7 Fear of Failure - Human Viewpoint
Fear of adversity destroys capacity for prosperity. When prosperity comes, you're so afraid of losing it that you have absolutely no capacity to enjoy it. You hoard it, you guard it and you worry about it. You stash it all away for a rainy day, and all of that is a manifestation of no capacity for life. Therefore, you do not enjoy prosperity when it comes.

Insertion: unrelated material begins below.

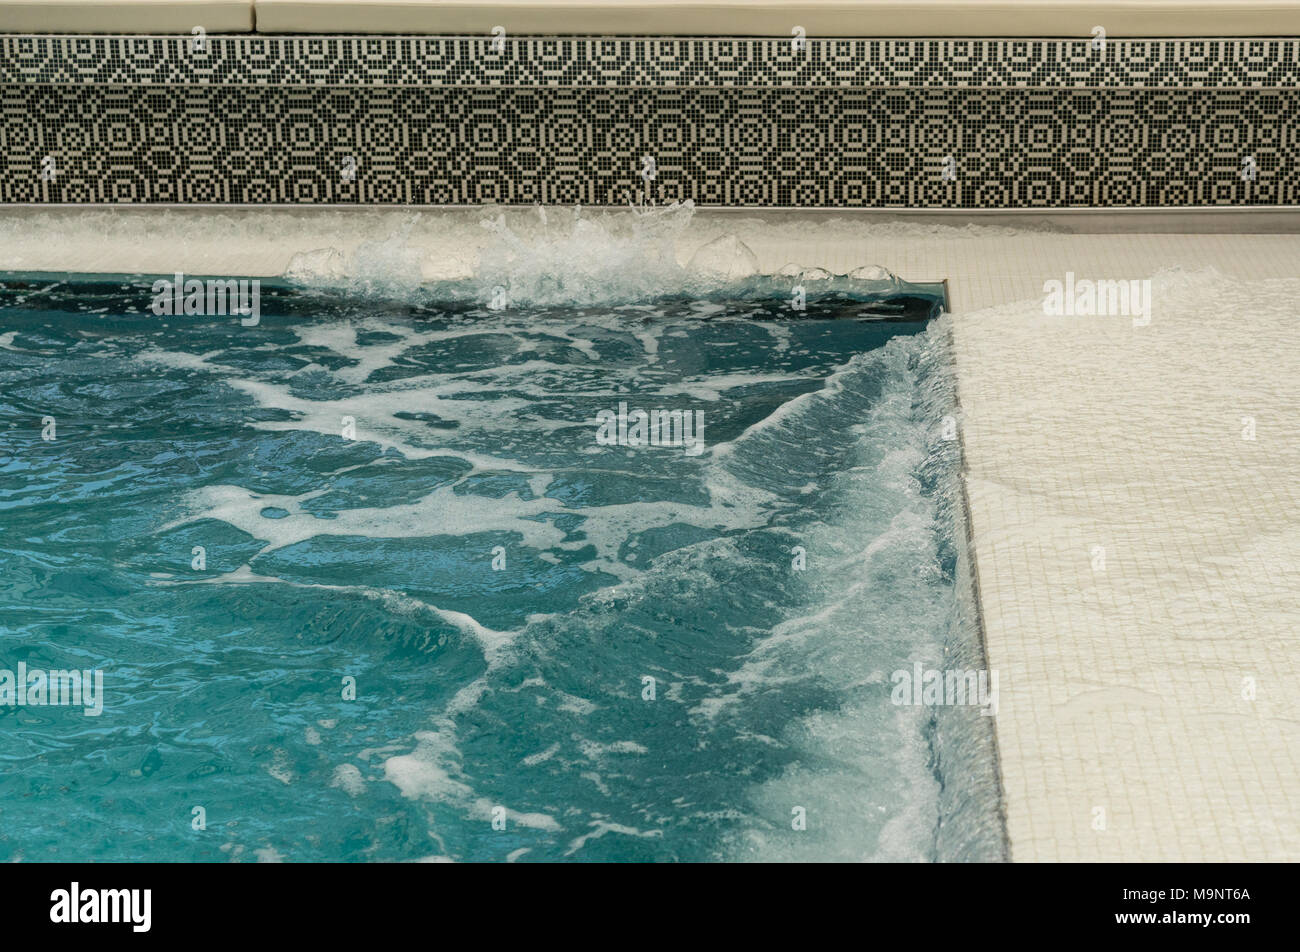 Water sloshing around tiled swimming pool on cruise ship Stock Photo

Fear is the enemy of the PPOG since it is evidence of a lack of virtue-love. Fear makes you depend on others. Yet the Church-age believer cannot think, apply doctrine, or solve problems through the mind of another believer. You must have the doctrine in your own soul, and solve your own problems. To the extent that you depend upon others for your spiritual application to life, you are not executing the PPOG. People are simply afraid of too many things. The fear of being wrong, of making a mistake, or being criticized is the prime inhibitor of the creative process in all of us. Winners are those people who make a habit of doing the things losers are uncomfortable doing. Fear of failure must never be a reason not to try something. To live in fear of failure means you never take any chances. Only when we are no longer afraid do we begin to live. The greatest test of courage is to endure defeat without losing heart.

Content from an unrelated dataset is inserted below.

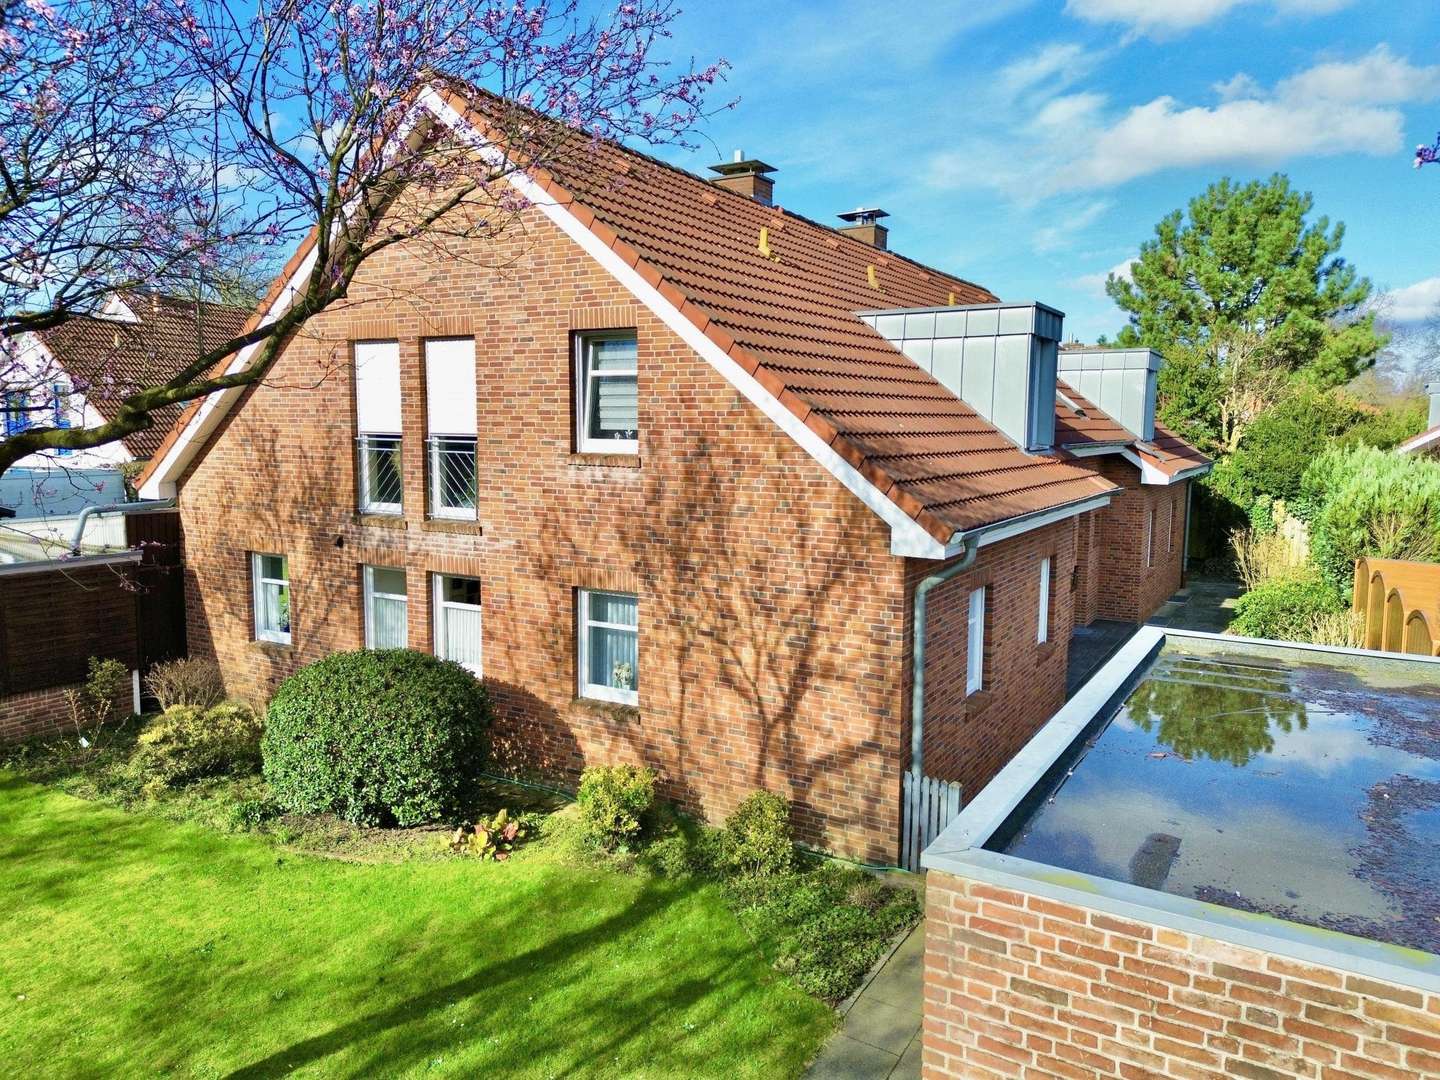 null - Dachgeschosswohnung in 48531 Nordhorn mit 64m² kaufen

Teddy Roosevelt said it best: "It is not the critic who counts; not the man who points out how the strong man stumbles, or where the doer of deeds could have done them better. The credit belongs to the man who is actually in the arena, whose face is marred by dust and sweat and blood; who strives valiantly; who errs and comes short again and again, because there is no effort without error and shortcoming; but who does actually strive to do the deeds; who knows the great enthusiasms, the great devotions; who spends himself in a worthy cause; who at the best knows in the end the triumph of high achievement and who at the worst, if he fails, fails while daring greatly. Far better it is to dare mighty things, to win glorious triumphs, even though checkered by failure, than to take rank with those poor spirits who neither enjoy much nor suffer much, because they live in the gray twilight that knows not victory nor defeat." - Teddy Roosevelt
Abraham Lincoln’s life was a testimony to the ability to press on despite past failure:
In 1831 he failed miserably in business.
In 1832 he was defeated for legislature.
In 1833 he failed again in business.
In 1834 he was elected to legislature.
In 1835 his sweetheart died.
In 1836 he had a nervous breakdown.
In 1838 he was defeated for speaker of the house.
In 1840 he was defeated for elector.
In 1843 he was defeated for congress.
In 1846 he was defeated for senate.
In 1848 he was again defeated for congress.
In 1855 he was defeated for senate.
In 1856 he was defeated for vice-president.
In 1858 he was defeated for senate.
In 1860 he was elected president.
He said "I do the very best I know how, the very best I can, and I mean to keep doing so" -Abraham Lincoln.